Web Scraper Python: Complete Tutorial (2026)
Python web scraping uses libraries like BeautifulSoup for static HTML and Selenium or Playwright for JavaScript-heavy sites. This tutorial covers both approaches with working code examples — then explains why modern AI testing tools can handle scraping automatically without writing selector code that breaks every time a site updates.
Key Takeaways
BeautifulSoup is for static HTML. If the data you need is in the initial HTML response (view source and see it), BeautifulSoup + Requests is faster, simpler, and less fragile than browser automation.

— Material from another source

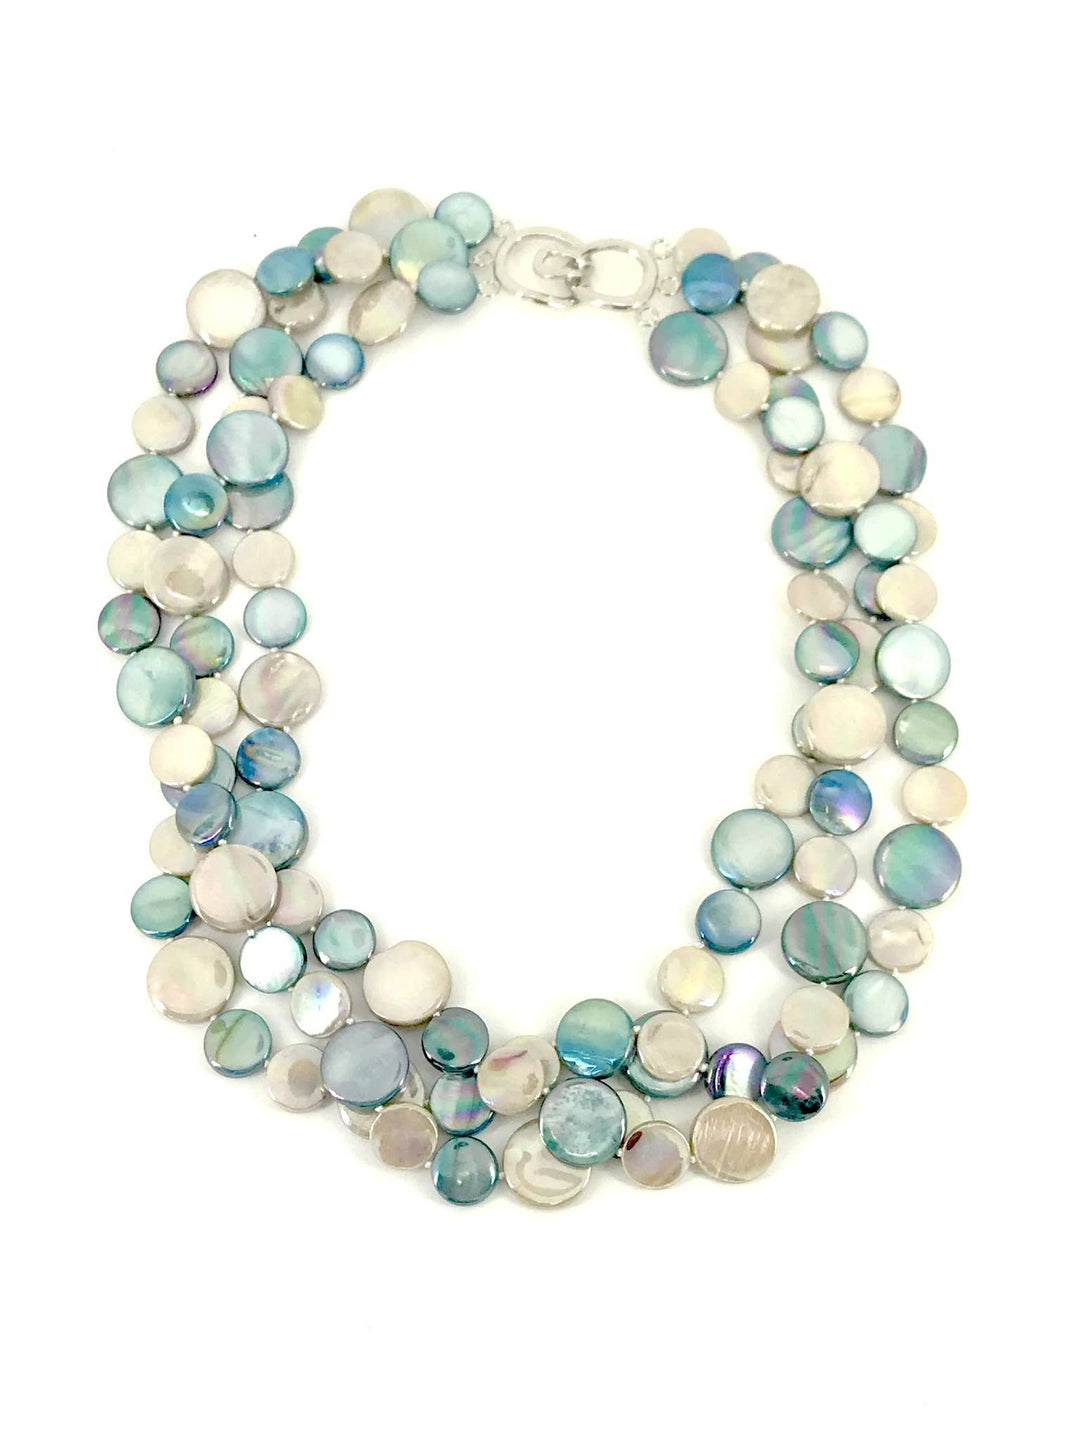 Sea Lily - 252037 - Teal and Taupe 3 Strand MOP Necklace

Selenium and Playwright are for JavaScript-rendered content. When data loads after the page — via AJAX, React, Vue, or Angular — you need a real browser to execute the JavaScript before scraping.
Selectors break constantly. The biggest maintenance burden in web scraping is that CSS selectors and XPath expressions stop working whenever the site redesigns. Brittle selectors are why scrapers require regular maintenance.
Always handle pagination, rate limiting, and errors. Production scrapers need exponential backoff, user-agent rotation, and logic to resume from where they left off. Tutorial code omits this — production code can't.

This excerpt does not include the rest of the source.